A grande revolução da doçaria portuguesa dá-se no final do séc. XV com a introdução do açúcar nas cozinhas monásticas.
Muito embora se saiba que durante o período do domínio árabe sobre a Península Ibérica, a confecção de doces constituísse uma prática comum desse povo, provavelmente através da utilização da farinha de alfarroba que possui, em média, 48% a 56% de açúcar, é com a generalização da exploração das plantações de cana de açúcar no arquipélago da Madeira que o açúcar passa a constituir um ingrediente comum no âmbito da nossa culinária.
Quando falamos da doçaria tradicional portuguesa, associamo-la, normalmente, aos doces conventuais não só pelo facto de, efectivamente, ter sido nos conventos e mosteiros que nasceram os mais requintados doces portugueses, como ainda pelo facto de essa sua marca se ter perpetuado pelo tempo fora através da sua designação. Como exemplo disso temos os famosos papos de anjo, o toucinho-do-céu; as barrigas de freira, os tachinhos de abade, o pudim do abade de priscos…
Se por um lado, os conventos e mosteiros, na sua grande maioria fundados por reis e príncipes que, através de forais, mercês e padroados por eles atribuídos, lhes garantiam, por si só, uma subsistência abastada e farta, por outro lado, o facto de acolherem nas suas Regras as filhas da nobreza e das famílias mais ricas, portadoras de um conjunto de saberes relacionados com os seus hábitos alimentares e receitas familiares, levou a que a conjugação destes dois aspectos criasse as condições ideias para que, no seio dessas instituições, nascessem tão aprimoradas preparações gastronómicas e, entre elas, os mimos de uma doçaria rica e complexa que só alguns, os escolhidos, tinham o prazer de provar e de, com elas se deliciarem.
As receitas e métodos de confecção constituíam património dos conventos, havendo por parte das freiras o compromisso de, ciosamente, guardarem tal tesouro. Fazia-se nessa altura a distinção entre a doçaria requintada e apurada, farta em açúcar e ovos, cuidadosamente seleccionada para as ocasiões especiais e que só era servida à mesa dos reis, do clero, dos nobres e da alta sociedade e a doçaria de confecção mais simples, normalmente os bolinhos e biscoitos que as próprias congregações classificavam de doçaria pobre.
Estas autênticas maravilhas saídas das tão prendadas mãos das freiras ganharam nome por toda a Europa e durante várias centenas de anos, este saber foi-se acumulando e evoluindo fruto de uma longa experiência, da introdução de novos ingredientes, de muitas horas de trabalho com dedicação, paciência e devoção que as freiras, conscientes da sua importância, lhes dedicavam.

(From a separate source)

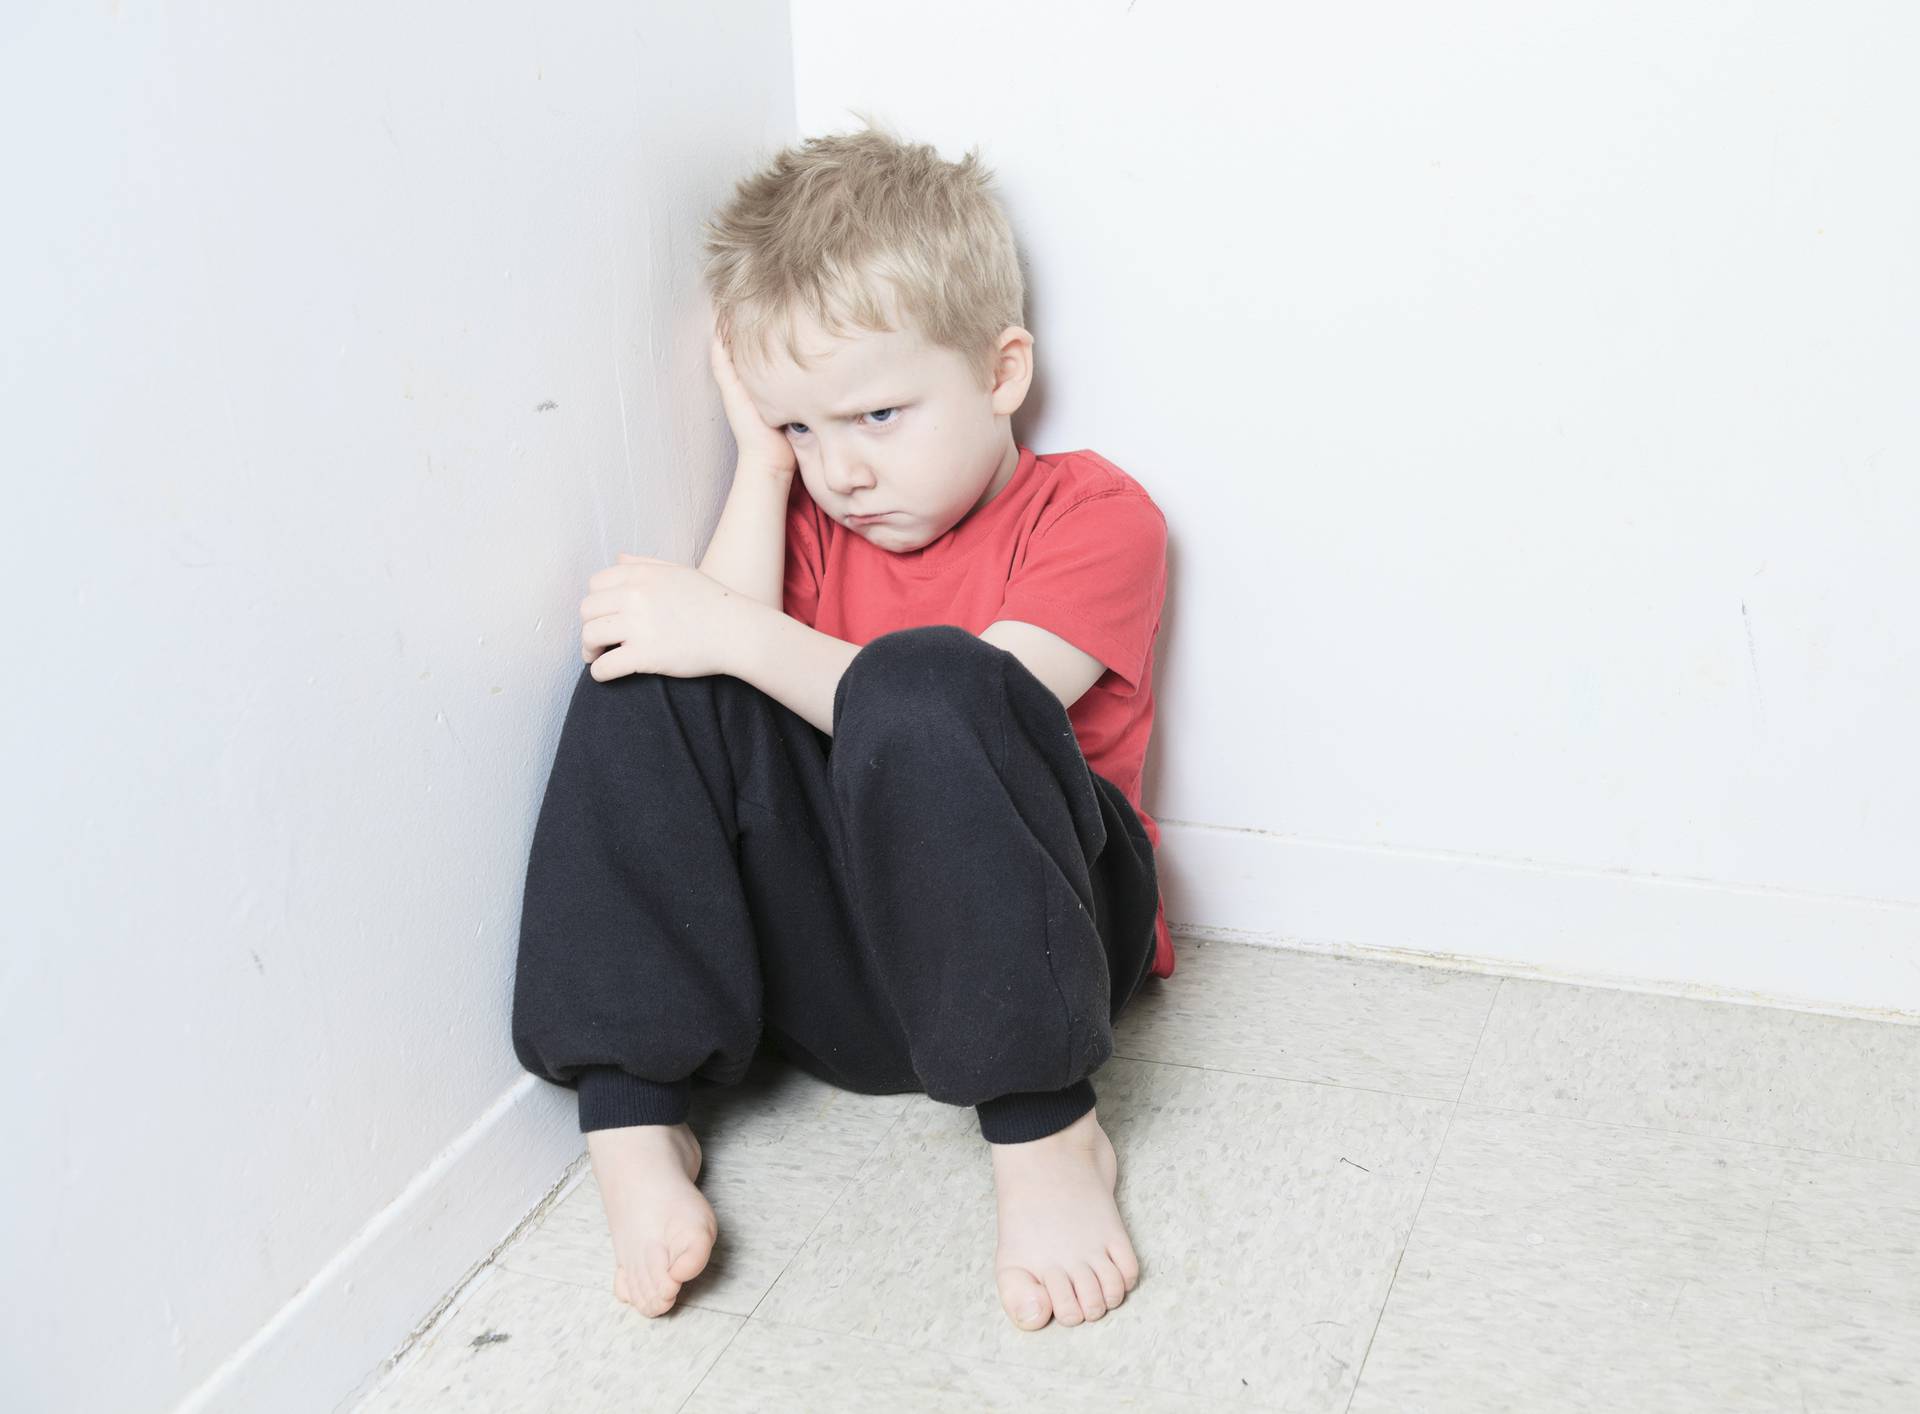 Neglected lonely child leaning at the wall

Mais tarde, com a extinção das Ordens Religiosas em Portugal em 1834 e confrontadas com a necessidade de garantir a sua subsistência algumas freiras começaram a comercializar, entre outras coisas, a tão requintada doçaria pela qual os seus conventos se tinham tornado tão famosos. Para além disso, o facto de, nessa altura, algumas freiras e sobretudo as serviçais dos conventos terem sido, de alguma forma obrigadas a regressar às suas casas, levou, naturalmente, a que a confecção dos doces, até então “propriedade” dos conventos se alargasse também à comunidade.
Foi com alguma fuga de informação e com a “tradução” das notas manuscritas de muitos arquivas dos mosteiros que, gradualmente, os doces conventuais foram integrando as receitas tradicionais portuguesas e chegaram até aos dias de hoje, proporcionando-nos, o grato de prazer de nos deleitarmos com tais iguarias de comer e chorar por mais, não fosse a ideia de uns quilitos a mais a travar tão impetuosos desejos.